(2007)

Submitted by Jacqeline

1 votes 4


The movie starts in 1955, where Edith Piaf (Marion Cotillard) is performing. She collapses, and prays to Saint Therese to help her live.

We flash back to 1915, on the streets of Belleville, Paris. There are children running around the streets, and there are 2 boys making fun of a little girl. A woman walks by and asks the girl where her parents are. She (young Edith Gassion) points to a woman singing in the streets.

Edith’s mother leaves for Paris to try her luck with stardom, and leaves Edith with her grandmother, who basically neglects the little girl. Edith’s father is a contortionist who returns from the circles and rescues her from the negligent grandmother. However, he soon tires of caring for Edith, and leaves her with his mother, who runs a brothel in Normandy. There, a prostitute named Titine becomes Edith’s surrogate mother. While living at the brothel, Edith contracts severe conjunctivitis, which leaves her blind for months. Titine encourages the little girl to pray to Saint Therese to restore her sight. One day, Edith opens her eyes and she can see again.

Edith’s father returns suddenly one day and rips the little girl from the only source of love and care she’s ever known. The teenaged Edith joins a circus with her father, and cooks and cleans for him while he performs his act. One night, while cleaning the dishes, she sees a vision of Saint Therese in the sparks of a fire-breather’s flames. Saint Therese asks Edith whom she wants to pray for. The girl responds, “I pray for Titine.”

Edith’s father has a falling out with the circus manager and quits. Soon, her father scrapes a living by performing on the streets of the suburbs of Paris. One day, a passerby asks if Edith (who collected the money) was part of the act. Her father pushes Edith to the front and forces her to do something. Edith opens her mouth and out comes the most beautiful voice the audience has ever heard. It’s gritty, but strong, and gripping. Soon, Edith is performing solo, earning her own keep with her best friend Mômone.

Edith is eventually discovered by Louis Leplée (Gérard Depardieu), an owner of a nightclub. He invites her to perform as his venue, and gives her the stage name “La Môme Piaf”, or “The Sparrow Kid” on account of her small stature. Edith’s first performance soars, and she is at once overwhelmed and surprised by the thunderous applause.

Leplée is suddenly killed, suspected to have been the victim of the mob. For a moment, Edith is a suspect, but is acquitted. Despite losing momentum momentarily, Edith goes from strength to strength, dropping the “Kid” moniker, and taking on a new name, “Edith Piaf”. Her famous song “La Vie en Rose” is written, and received with a mighty welcome by audiences. Edith travels to New York, to try her hand at the American audience.

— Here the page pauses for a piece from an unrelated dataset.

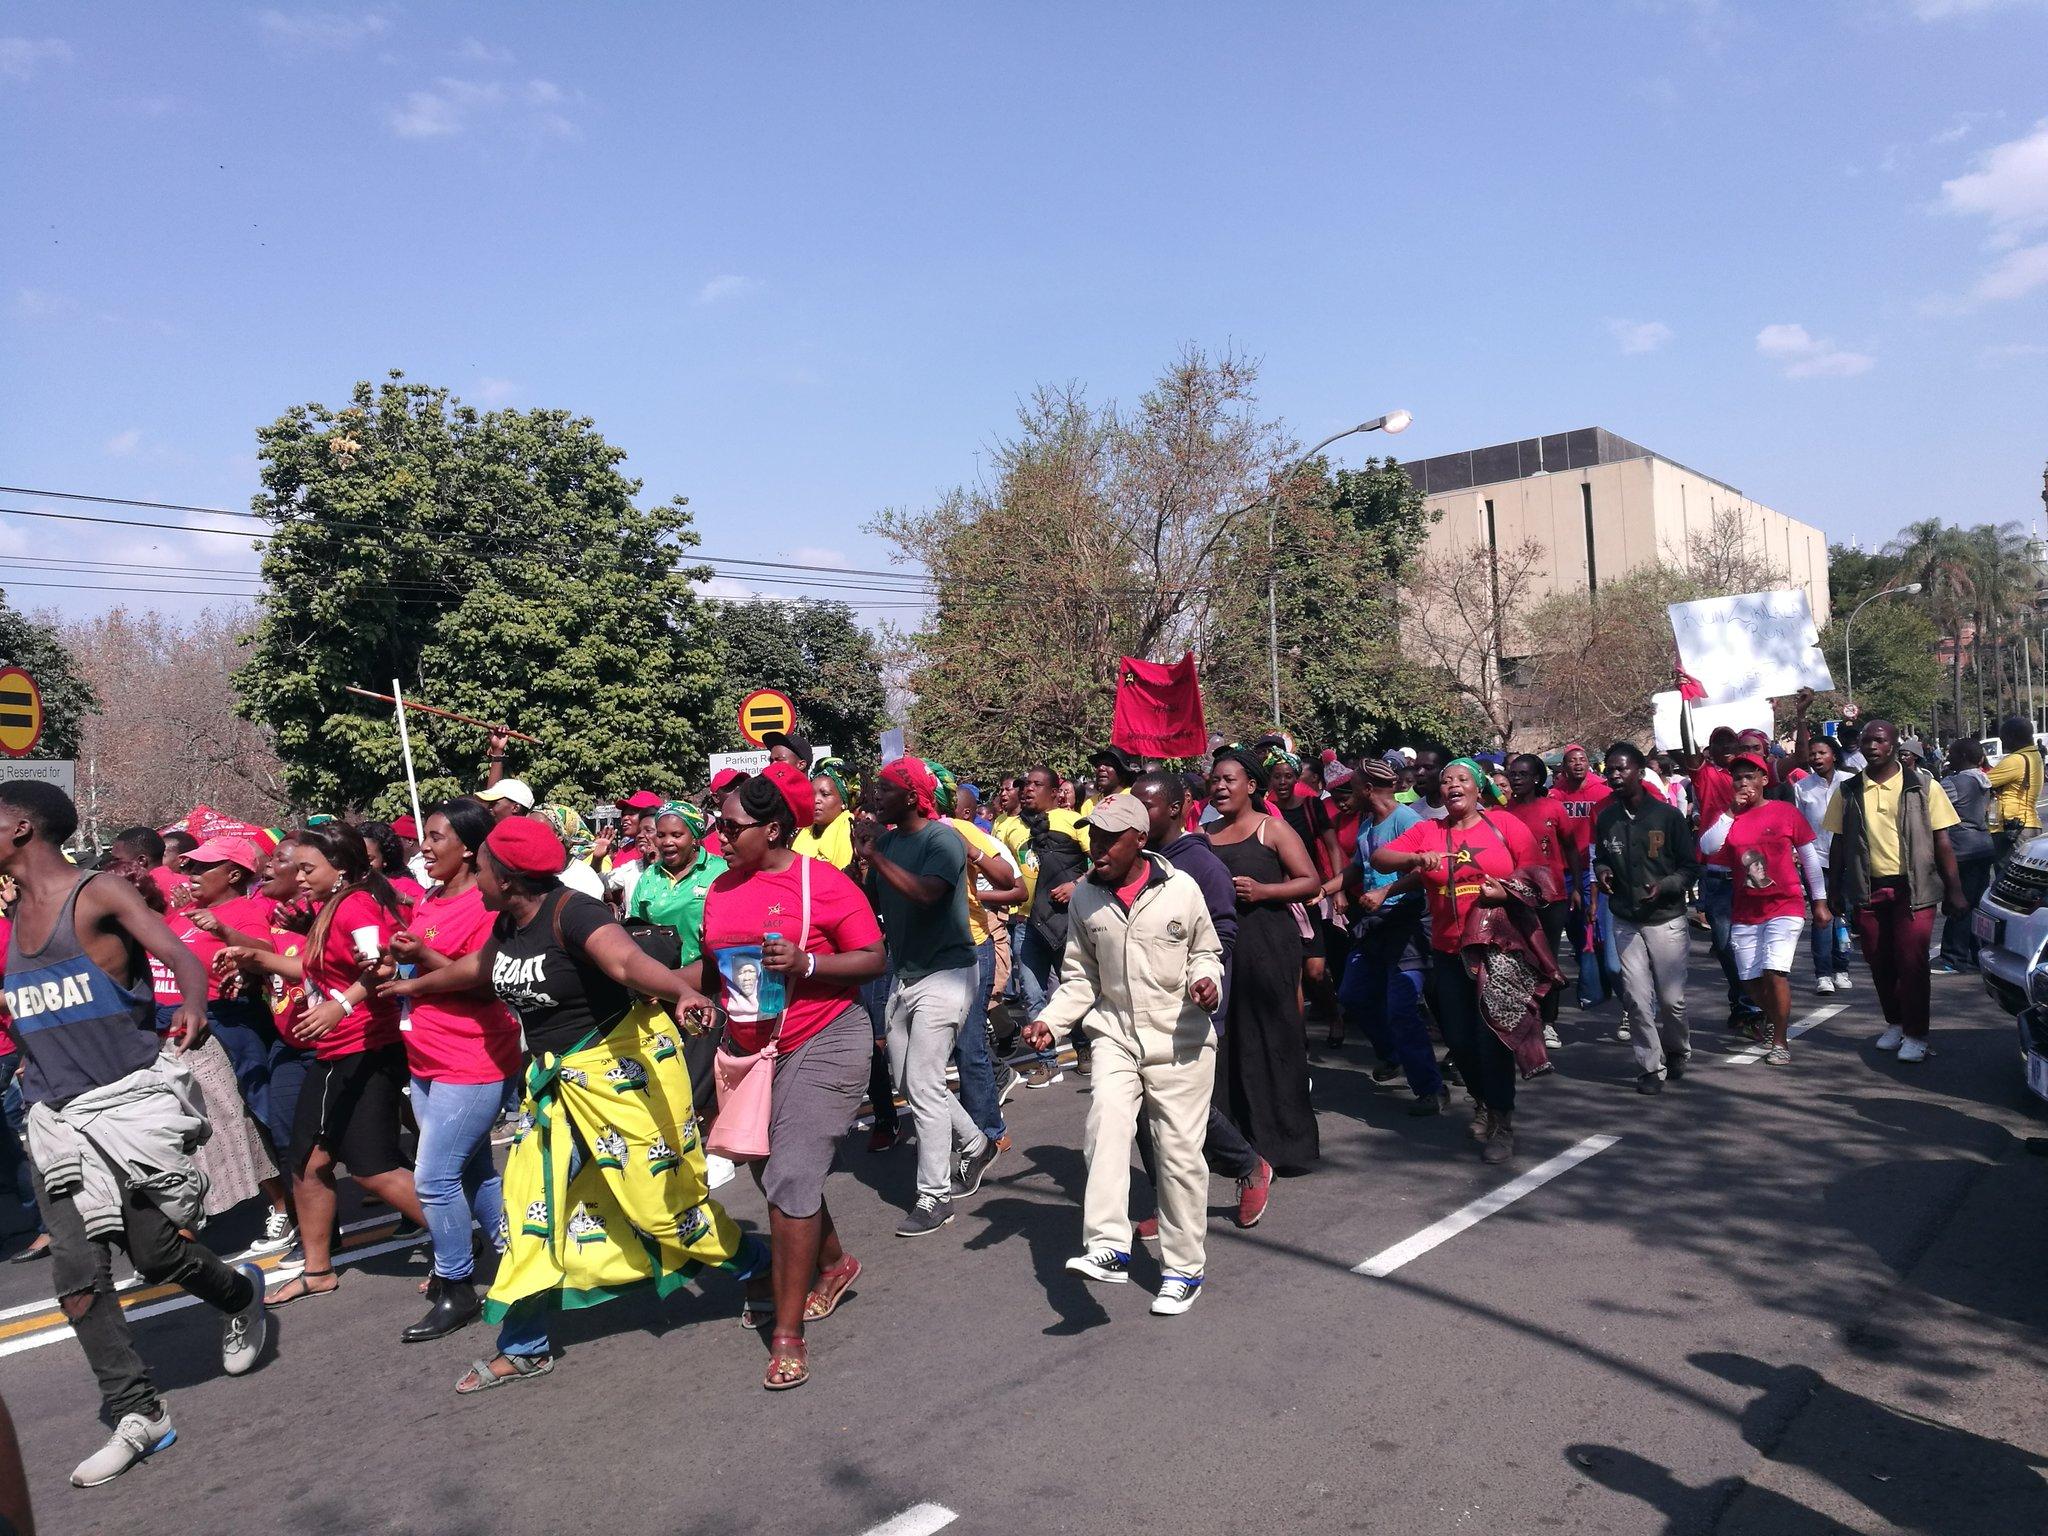 Thumbnail for #SABCKZN ANC vs ANC in KwaZulu-Natal

At first, in Edith’s words, “They don’t get me, and I don’t get them.” She sticks to it though and starts generating a loyal following – including Marlene Dietrich, who attends a concert one night and causes Edith to fall into a star struck trance.

She also meets the boxer, Marcel Cerdan (Jean-Pierre Martins) in New York. They fall in love, and for the first time, Edith’s life is filled with joy. However, it is short-lived. Marcel dies in a plane crash from France to New York. Edith breaks down.

This is followed by a car accident, which leads to a growing addiction to morphine. She also starts to experience symptoms of arthritis, which makes it hard for her to walk. She starts drinking heavily. The alcohol and morphine abuse precedes the collapse that we saw at the beginning of the movie. She does live on, and spends time in a rehabilitation facility. However, the abuse has left its scars, at 44, Edith looks like a woman of 60. She is crippled by arthritis and is frail and helpless. At one point, she mutters to her nurse, “Will I ever sing again?”

She does give one more series of concerts at the Paris Olympia Concert Hall. She sings the poignant song “Je ne regretted rien” – “I regret nothing”. Frail as she was physically, her voice never let her down, and her audiences drank in every last moment of her performances. And even in her weakest moments, when her entourage insists on her ending her engagement at the venue, she triumphs with her sheer determination to sing. When she is singing, her frailty falls away, and her voice dominates the concert hall.

At 47, Edith falls ill with cancer. On her deathbed, she flashes back to moments in her past: a rare moment where her father shows her his love for her by buying her a doll she’d been coveting; the moment when she finds out that her baby girl, Marcelle was going to die of meningitis (this happened some time before Leplée discovers her).

Soon, those memories fade too, and Edith Piaf’s life slips away.